III - 5. Cassandra (1)
30 décembre 2018 – 2200 mots
Orkanie, Trois cent lieues au sud de Yora, 3 mars 2011
« Docteur Hilbert ! Ils arrivent !
— Oui, monsieur Zögarn, me voilà ! »
Une épingle à cheveux dans les dents, Cassandra poussa du pied la porte de sa chambre. Dormir sur son lieu de travail avait pour désavantage une tendance à faire glisser les horaires. S'habiller ne prenait qu'une minute, déjeuner guère plus. Ne pouvait-on pas faire les deux en même temps et ainsi, gagner un précieux sommeil ?
Elle descendit en hâte les escaliers de chêne installés lors de la rénovation de l'appartement. Adrian l'avait appelé « docteur » et ce titre lui plaisait, mais le méritait-elle déjà ? Elle était encore en première année de formation. Non, pire encore, elle était revenue à cette formation, pour une raison ou pour une autre. Son titre de docteur était remis en jeu et Adrian von Zögarn en serait juge.
Une douce lumière traversait les fenêtres de l'étage et rebondissait dans toute la cage d'escalier, qui s'ouvrait sur un bureau spacieux garni d'instruments et de curiosités.

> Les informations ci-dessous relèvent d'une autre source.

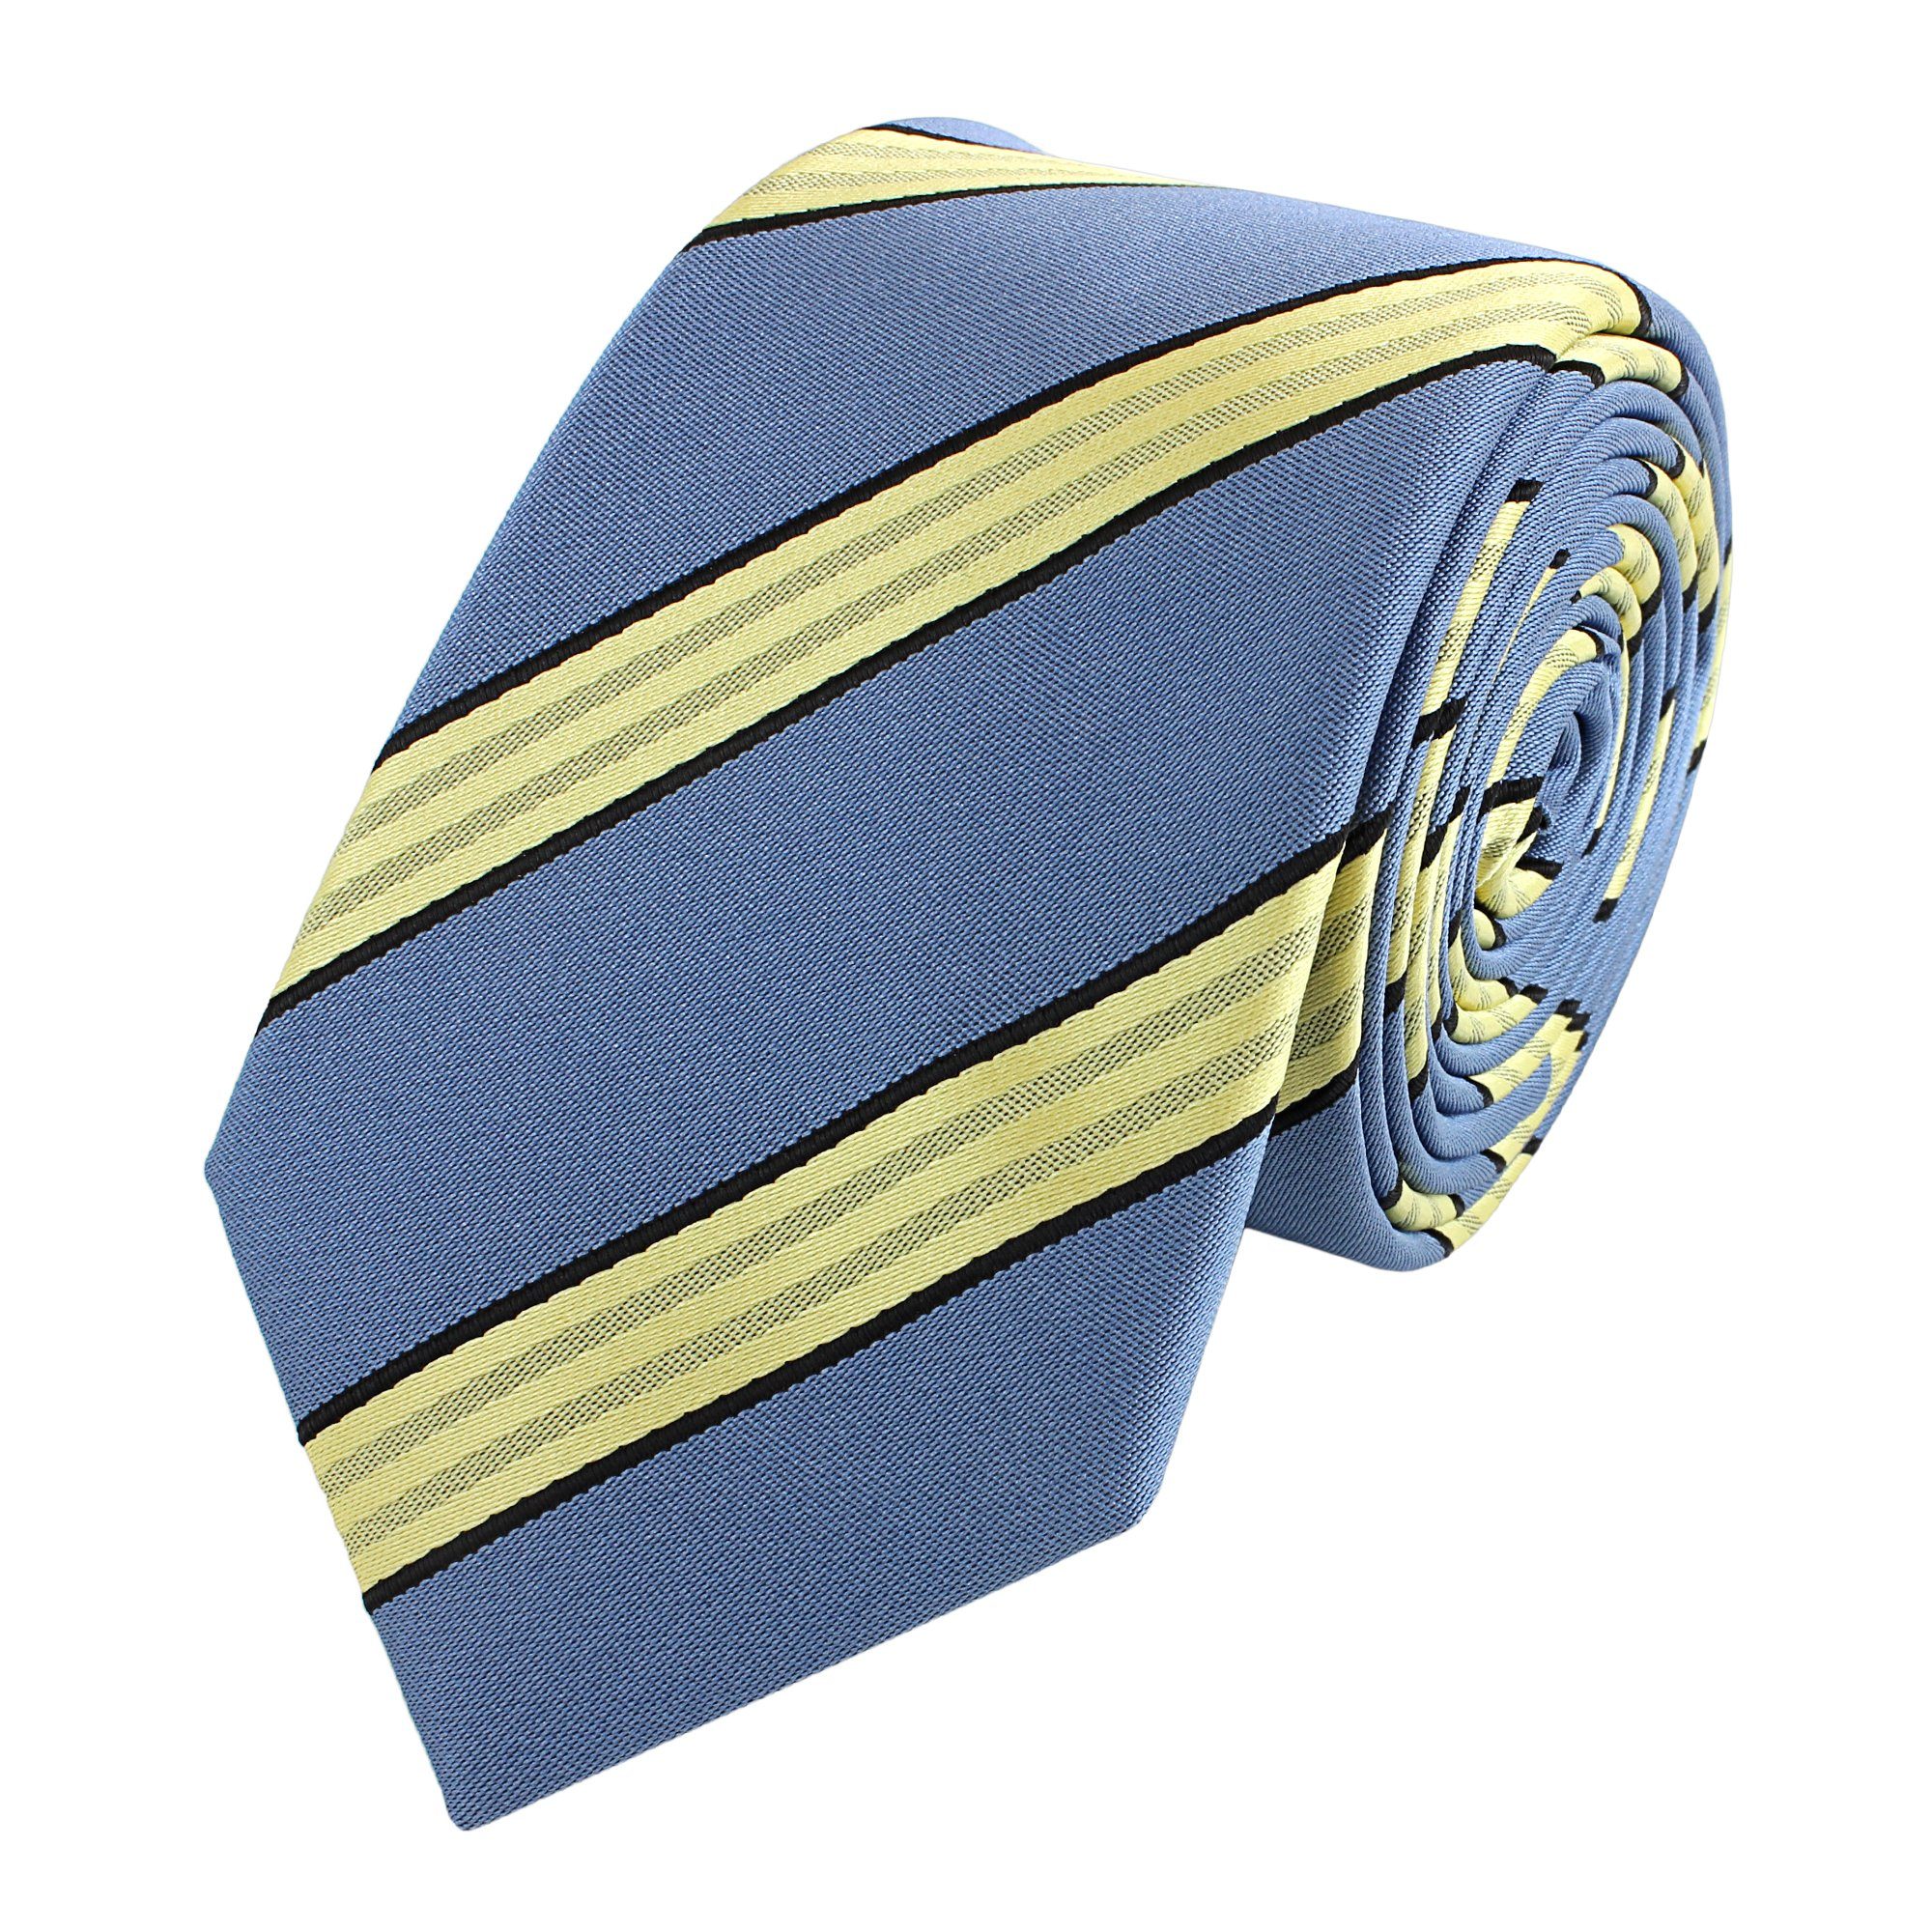 Fabio Farini Krawatte Herren Krawatte Blautöne - verschiedene Blaue Männer Schlips in 6cm (ohne Box, Gestreift) Schmal (6cm), Blau Gelb - Glacier Blue/Creamed Butter/Black

Parmi les animaux empaillés qu'on ne trouvait pas sur Daln ressortait cet ornithorynque, un savant assemblage de bec de canard, de queue de castor et de corps mammifère, une arnaque manifeste pour laquelle Adrian, dans sa crédulité, avait déboursé une fortune. C'étaient aussi des coraux qui agitaient leurs branches de calcaire comme des arbres fantômes, une mâchoire fossile de Mégalodon suspendue devant la cheminée ; une collection complète des œuvres de Jules Verne, un célèbre auteur terrien de science-fiction, dans une langue que Cassandra ne savait pas lire.
Elle manqua de trébucher dans les escaliers. Des incrustations inhabituelles juraient dans la décoration, des tableaux abstraits, aux couleurs violentes, qui apparaissaient aux confins de son champ de vision comme des aberrations chromatiques. Elle mit ces ajouts de dernière minute sur le compte d'une nouvelle lubie d'Adrian.
« Je suis là, monsieur Zögarn.
— Von Zögarn, la corrigea-t-il, ou bien vous serez forcée de m'appeler Adrian, ce qui me va aussi. »
Elle ne pouvait pas être encore docteur, puisqu'ils travaillaient ensemble. Or peu après lui avoir décerné ce titre, Adrian était reparti pour Yora, tandis que son élève se sédentarisait à Fila.
Pourquoi faisait-il comme si tout cela n'avait pas déjà eu lieu ?
L'alchimiste l'attendait au milieu du bureau, mains sur les hanches, l'œil vif et la moustache frisée. Une vague de boucles brunes emportait son front. Il portait un tablier de travail en cuir noir qui, taché de diverses substances inoffensives ou toxiques – du jus de grenade au venin de drom – lui donnait l'air d'un apprenti boucher.
L'alchimie selon Adrian demandait beaucoup d'efforts. Il fallait d'abord se plonger des jours durant dans les textes anciens, tracer le plan d'ensemble qui les unissait, la connaissance secrète que ces auteurs d'outre-tombe s'étaient partagés comme les quatre fragments d'une carte au trésor. Parmi tous ces grands noms du domaine, Adrian plaçait sur un piédestal le grand Alleris Bombastus. Une invention peut-être, car tous les écrits du « célèbre alchimiste » s'étaient perdus, faisant de von Zögarn le dernier dépositaire de ce savoir hermétique.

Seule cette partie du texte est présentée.